Task:
Quote each line of the material verbatim, without the pictures.

The records:
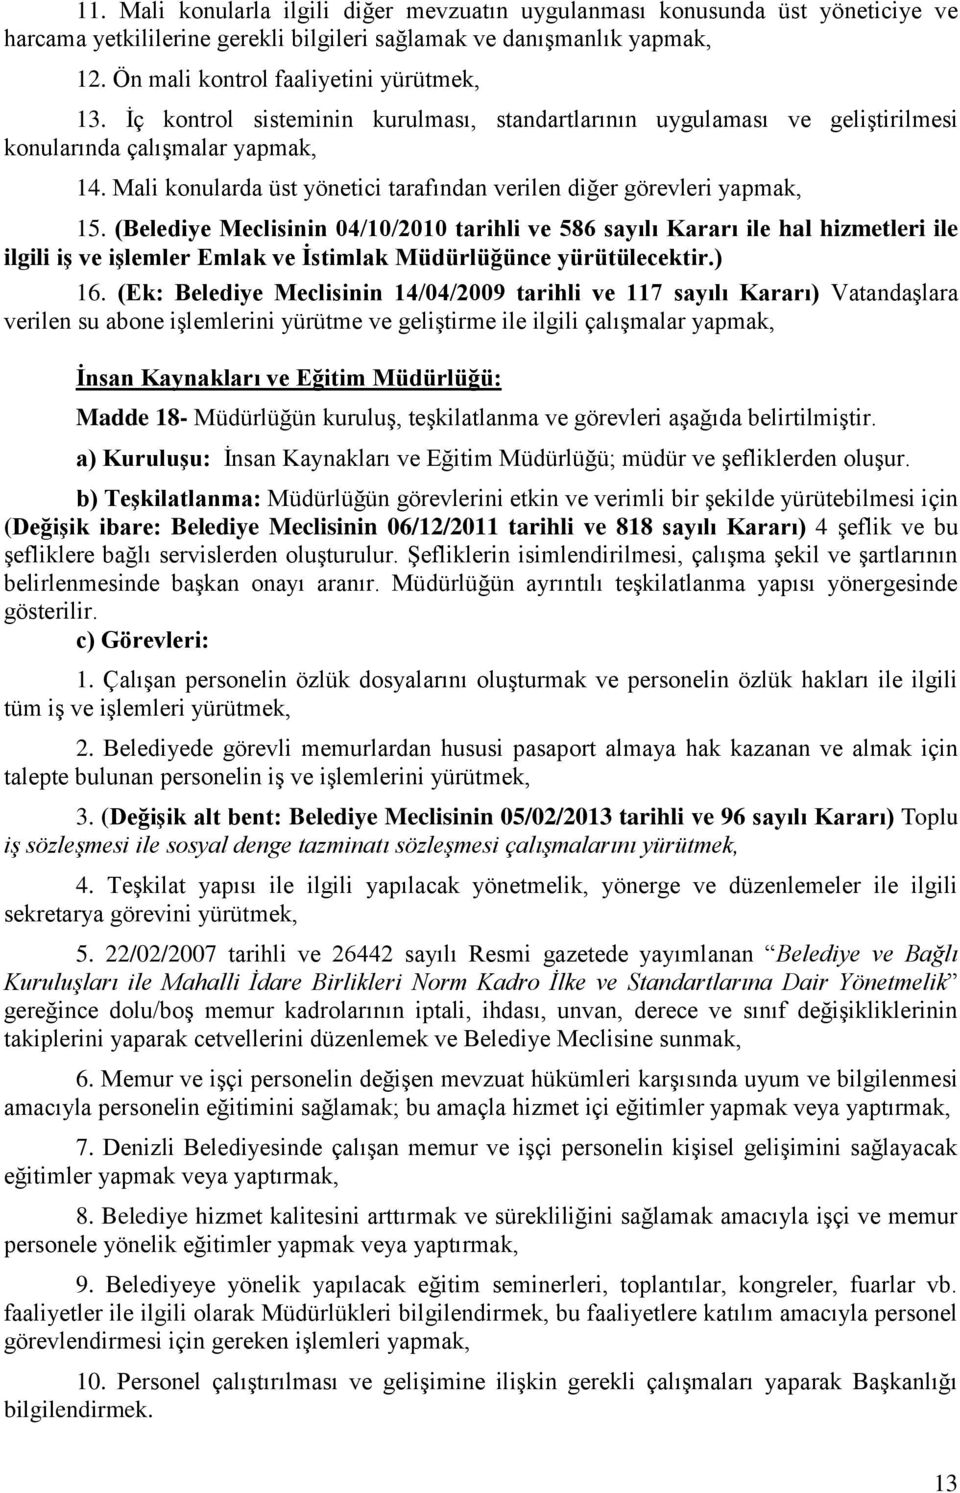 (Belediye Meclisinin 04/10/2010 tarihli ve 586 sayılı Kararı ile hal hizmetleri ile ilgili iģ ve iģlemler Emlak ve Ġstimlak Müdürlüğünce yürütülecektir.) 16.
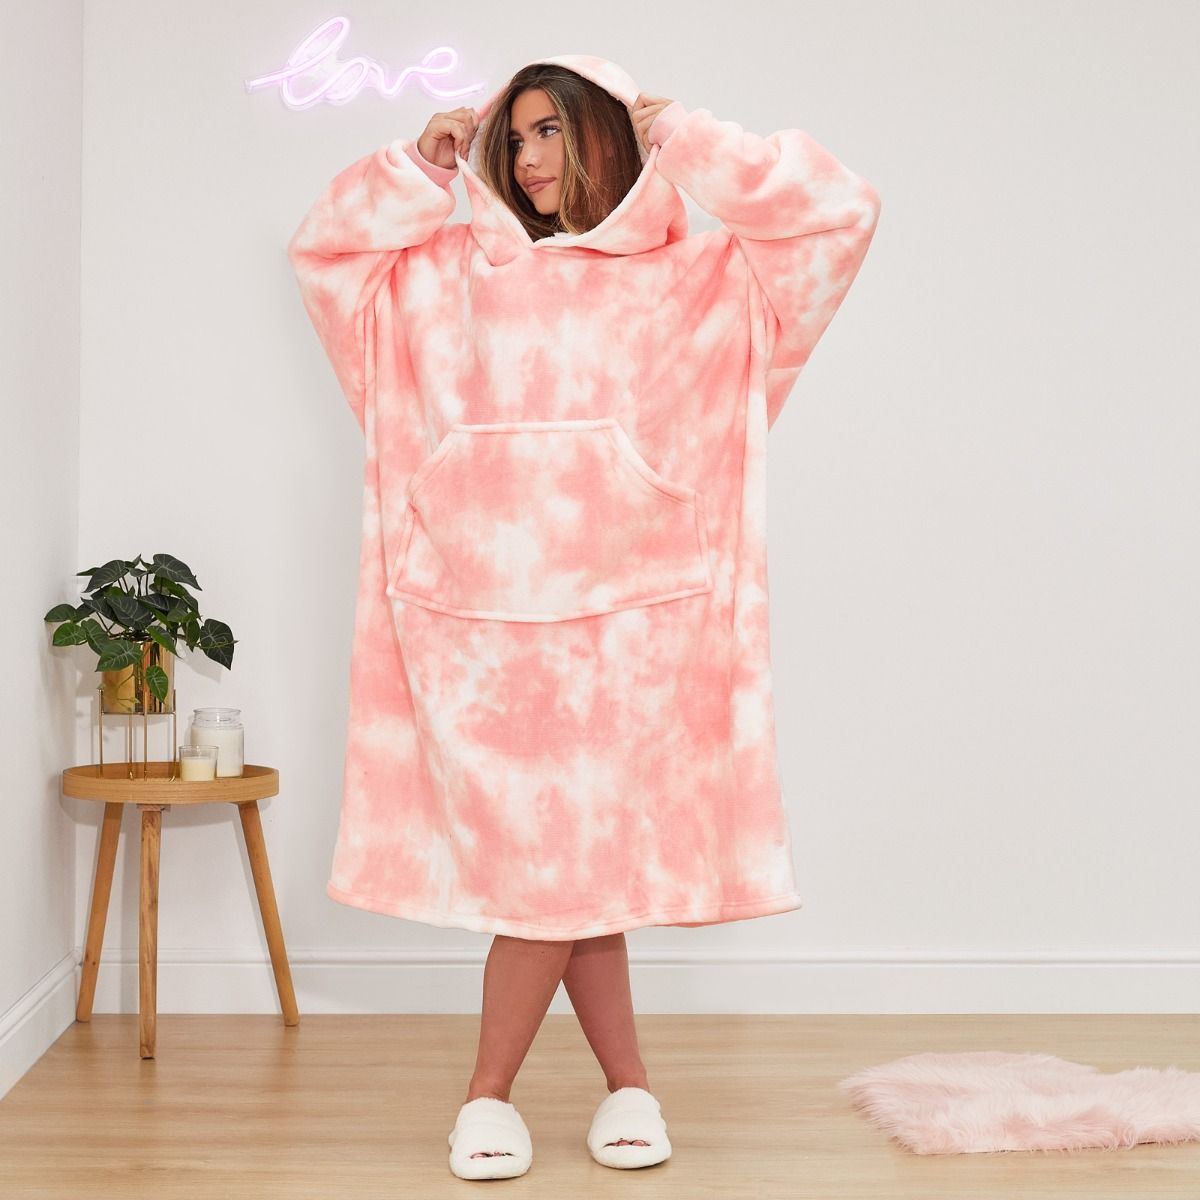 Dreamscene Extra Long Tie Dye Hoodie Blanket - Blush Pink
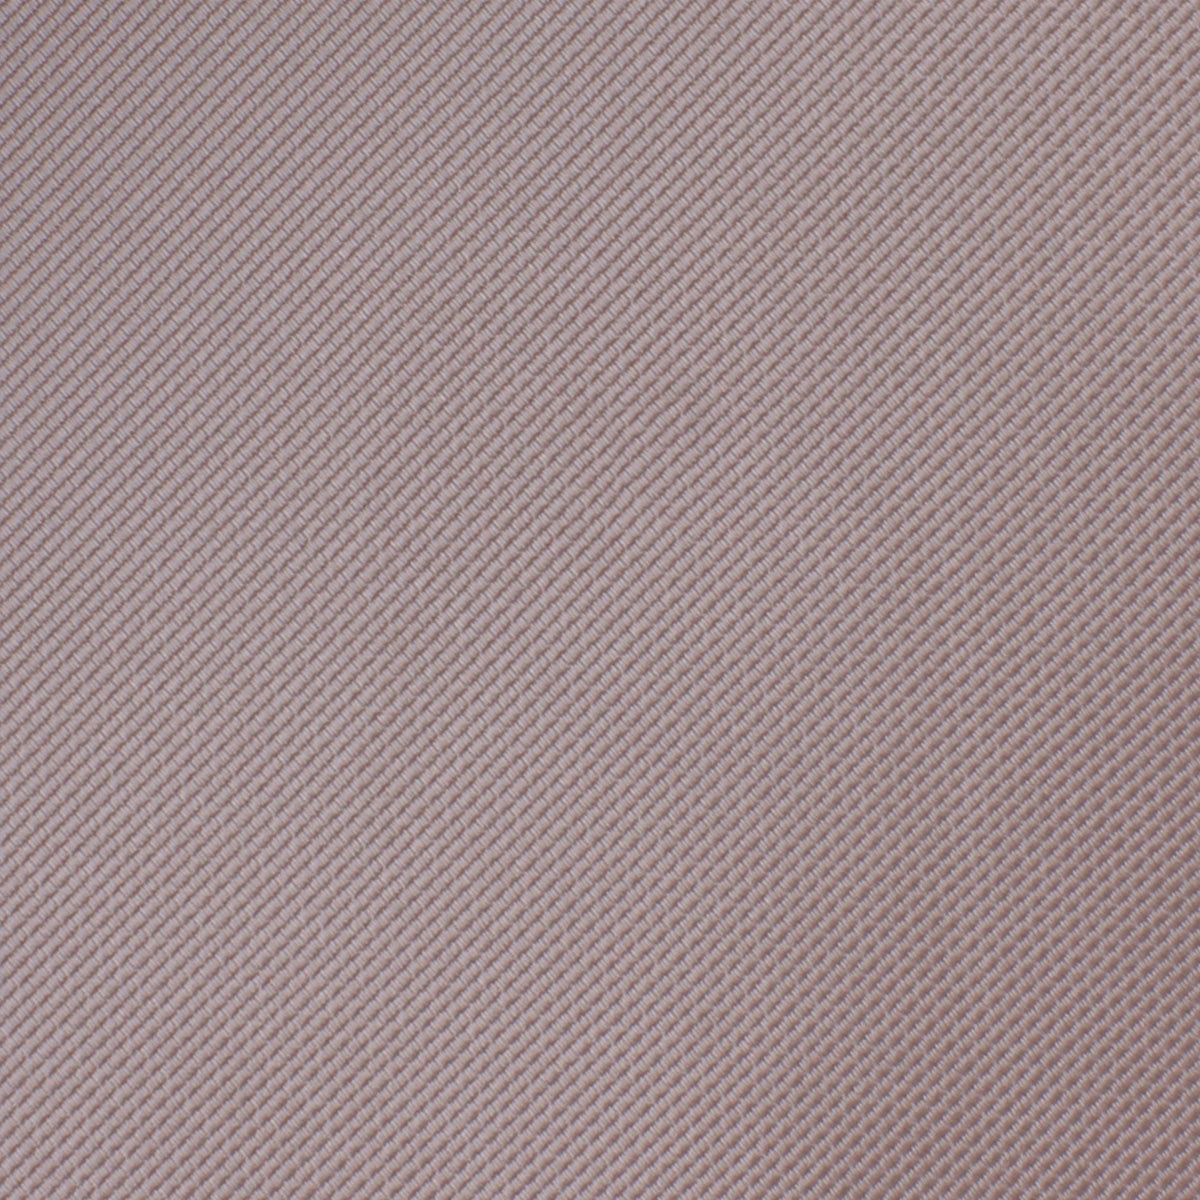 Biscotti Grey Weave Necktie Fabric
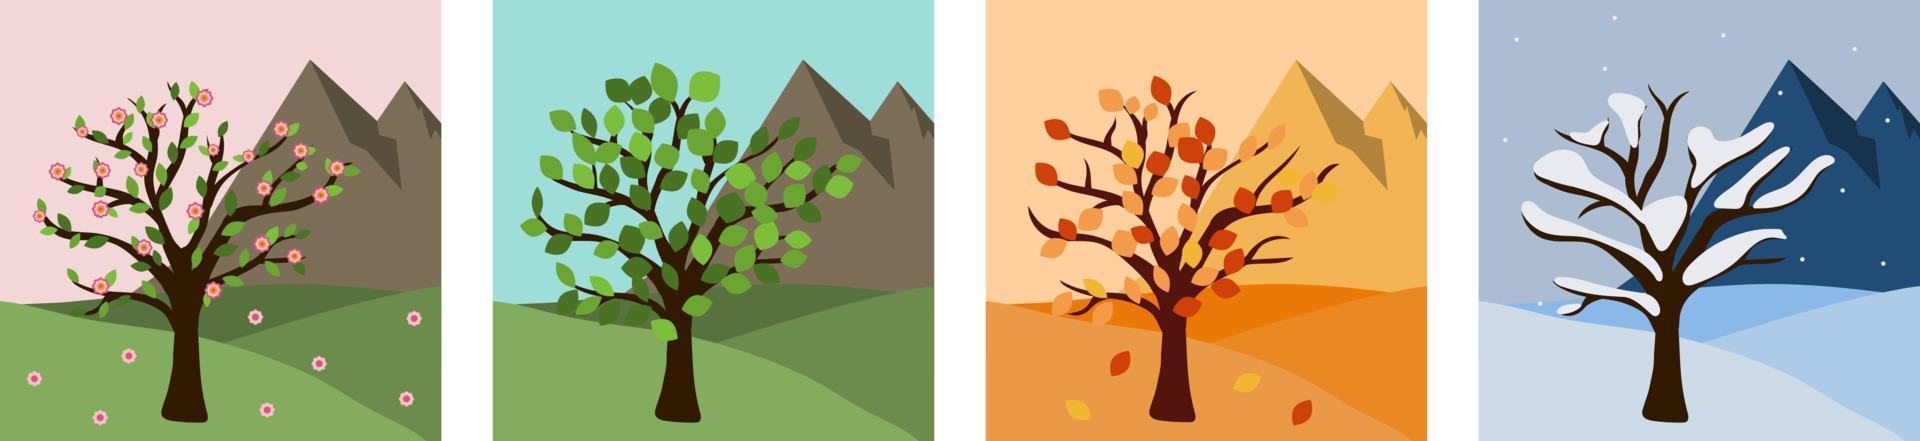 ícones da árvore da estação para o site de viagens. ilustração em vetor plana temporada design gráfico. ambiente de parque quadrado com montanhas e árvores no verão, primavera, inverno, outono, outono.
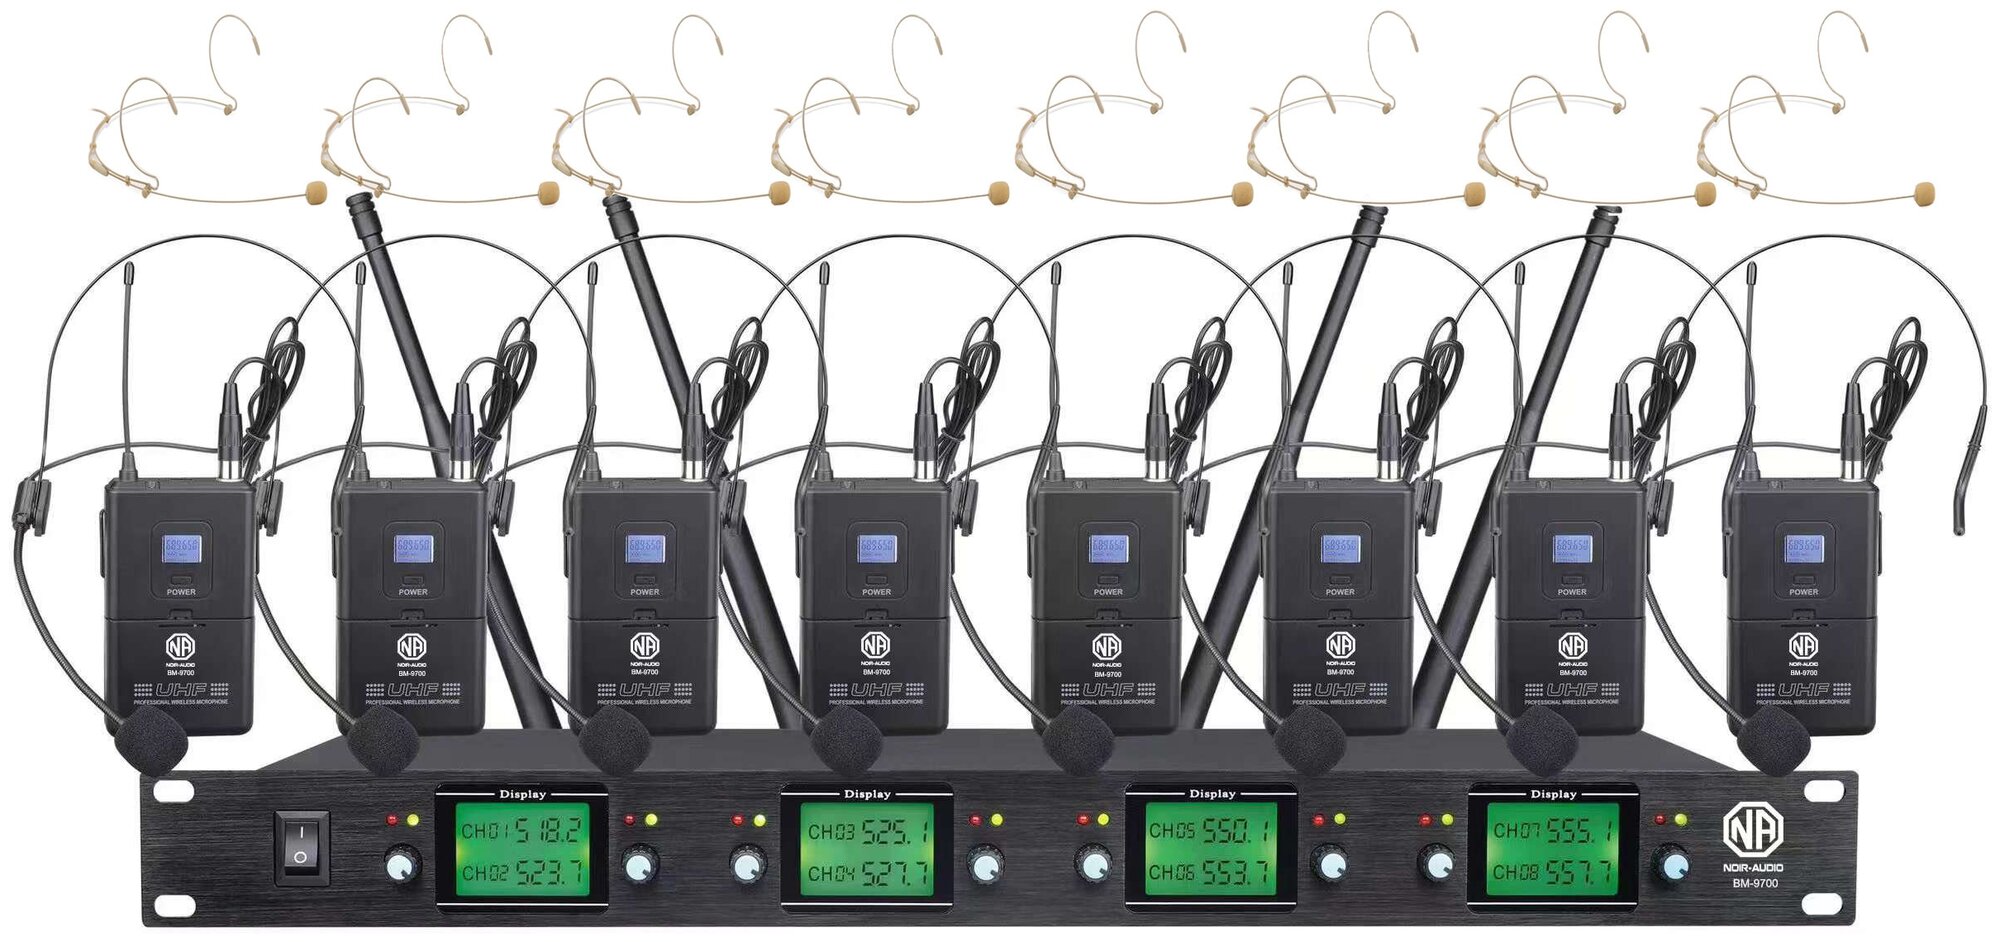 Беспроводной микрофон NOIR-audio BM-9700-HS32 с 16 беспроводными головными микрофонами

Result of this exercise:
 (Belediye Meclisinin 04/10/2010 tarihli ve 586 sayılı Kararı ile hal hizmetleri ile ilgili iģ ve iģlemler Emlak ve Ġstimlak Müdürlüğünce yürütülecektir.) 16.
 Dreamscene Extra Long Tie Dye Hoodie Blanket - Blush Pink
 Biscotti Grey Weave Necktie Fabric
 ícones da árvore da estação para o site de viagens. ilustração em vetor plana temporada design gráfico. ambiente de parque quadrado com montanhas e árvores no verão, primavera, inverno, outono, outono.
 Беспроводной микрофон NOIR-audio BM-9700-HS32 с 16 беспроводными головными микрофонами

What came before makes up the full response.